In this matter the trial magistrate was of the view that these principles were met by the Respondent. The Respondent had complained that he was not consulted by the bank when converting the staff loan to public section. He also complained that the bank unjustifiably denied him pension when it did not consider his accumulated 42 days leave to make his tenure of employment with the appellant bank 5 years. In view of these issues I am convinced that the Respondent had shown a prima facie case with a probability of success.

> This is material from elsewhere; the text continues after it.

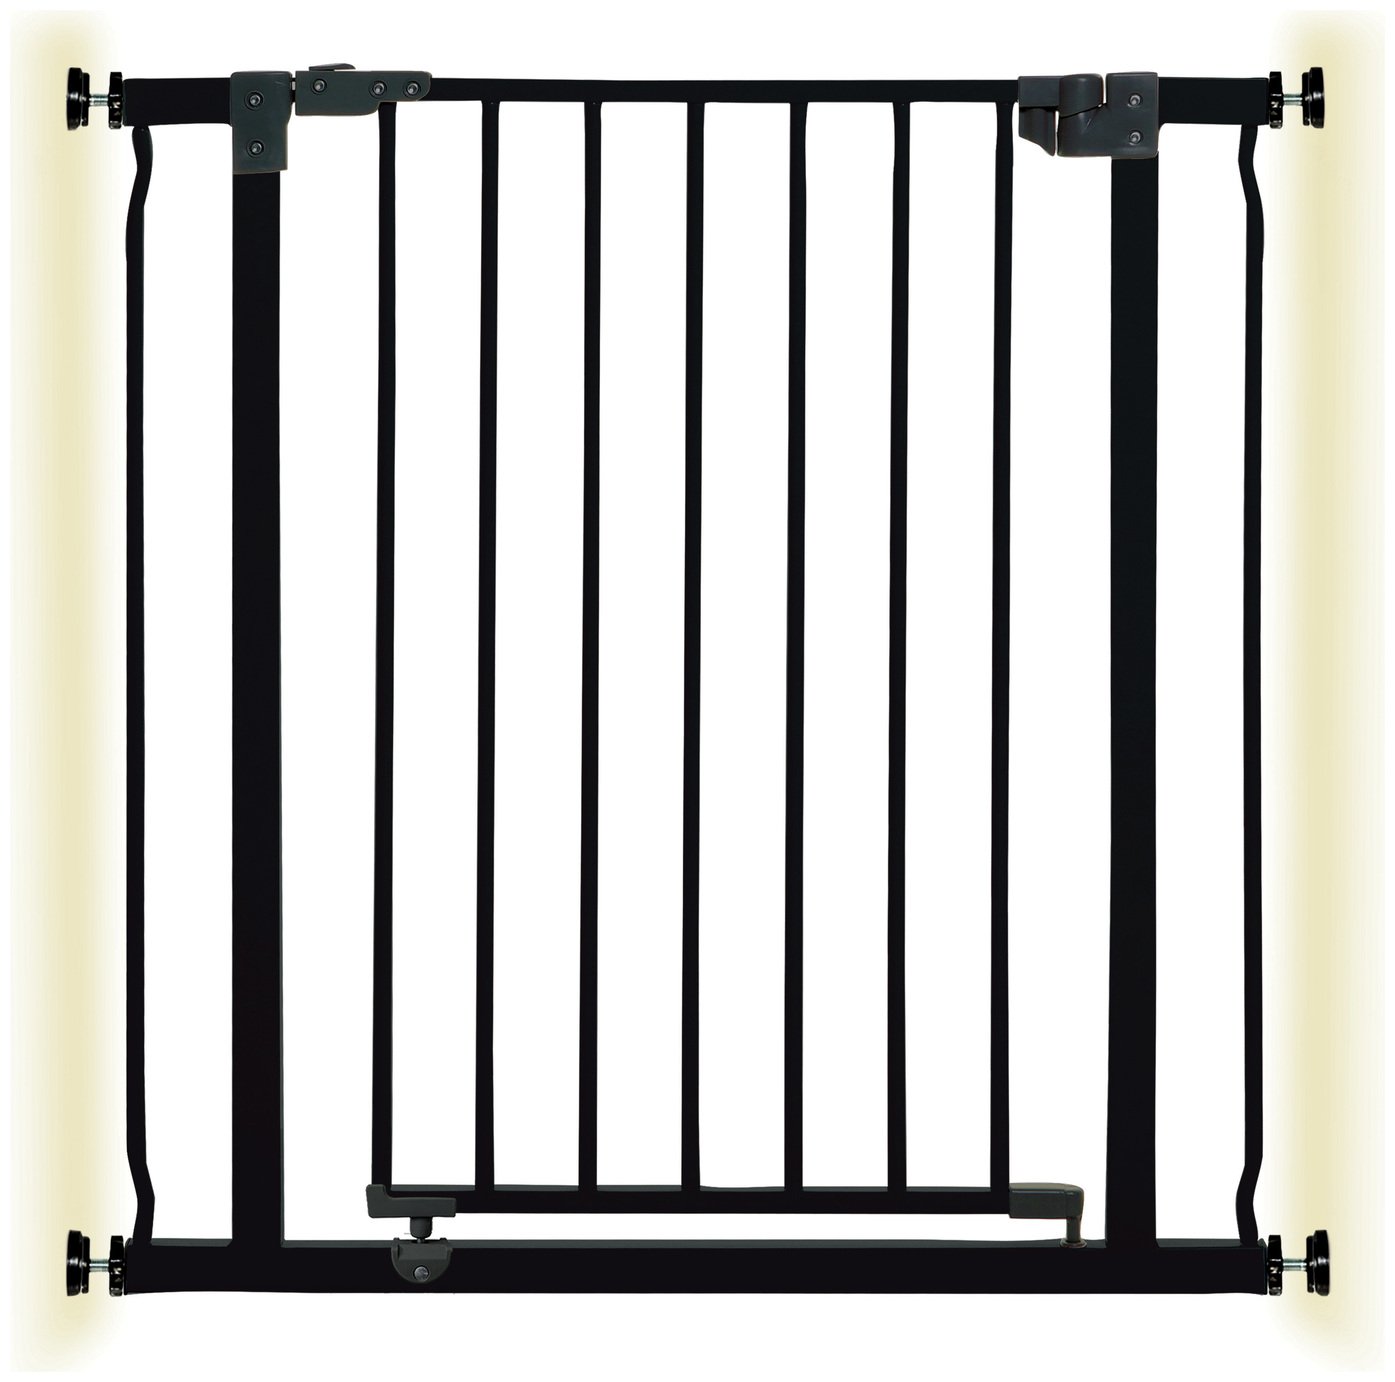 dreambaby liberty safety gate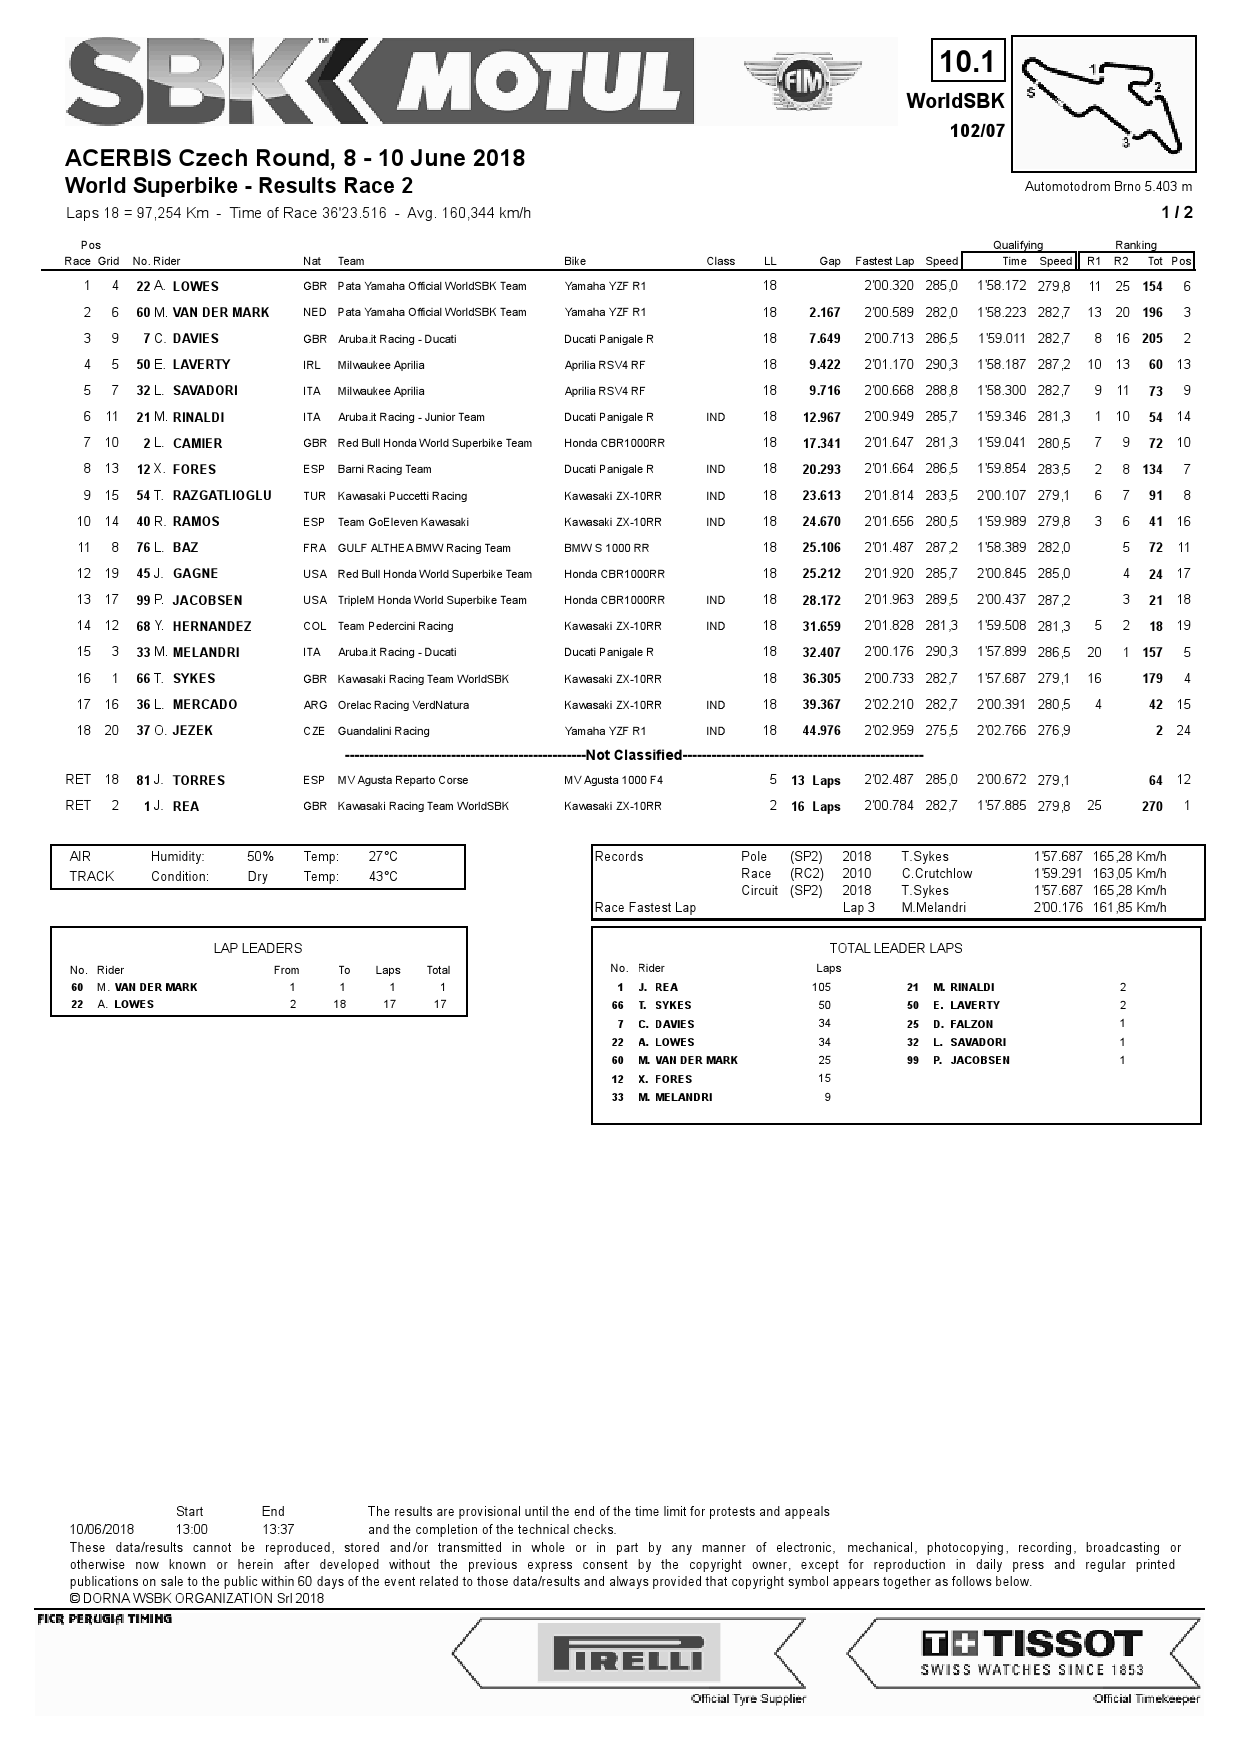 Результаты 2-й гонки 7-го этапа WorldSBK, Automotodrom Brno

It is not denied that the appellant bank issued notice through its advocate in a letter dated 16th April 1999 giving the Respondent 3 months from the date of the notice to pay the debt. This notice is annexed to the supporting affidavit of the Respondent as annexure no “D.K.R. 9”. In my view this notice is fatally defective in that it does not comply with the provisions of section 74 (1) of the Registered Land Act which mandates charges to issue notices of 3 months from the date of service before exercising its statutory power of sale. This goes to show that Respondent had shown that he had a prima facie case with a probability of success before the trial court. In the circumstances of this case it is obvious that the Respondent would suffer irreparable loss unless the appellant bank is restrained.

The upshot therefore is that the Resident Magistrate decision cannot be faulted. Though he did not critically analyse the issues argued before him, nevertheless he arrived at the correct decision. Consequently the appellant’s grounds 1 and 3 are dismissed.

The final ground of appeal argued by Mr. Makokha is to the effect that the trial court did not appreciate the fact that the statutory power of sale vested in the appellant had arisen. I think I have already dealt with this ground. I will restate that the notice issued by the appellant in which a copy has been annexed to the affidavit of the Respondent does not comply with the provisions of S. 74 (1) of the Registered Land Act. It is in my considered view that the statutory power of sale therefore had not crystallised. In the end I find this ground lacking in merit.

In view of the above findings, this appeal is ordered dismissed with no order as to costs. The Deputy Registrar is directed to forward the subordinate court’s file to Kericho Principal Magistrate’s court so that the suit may be heard and determined expeditiously by that court.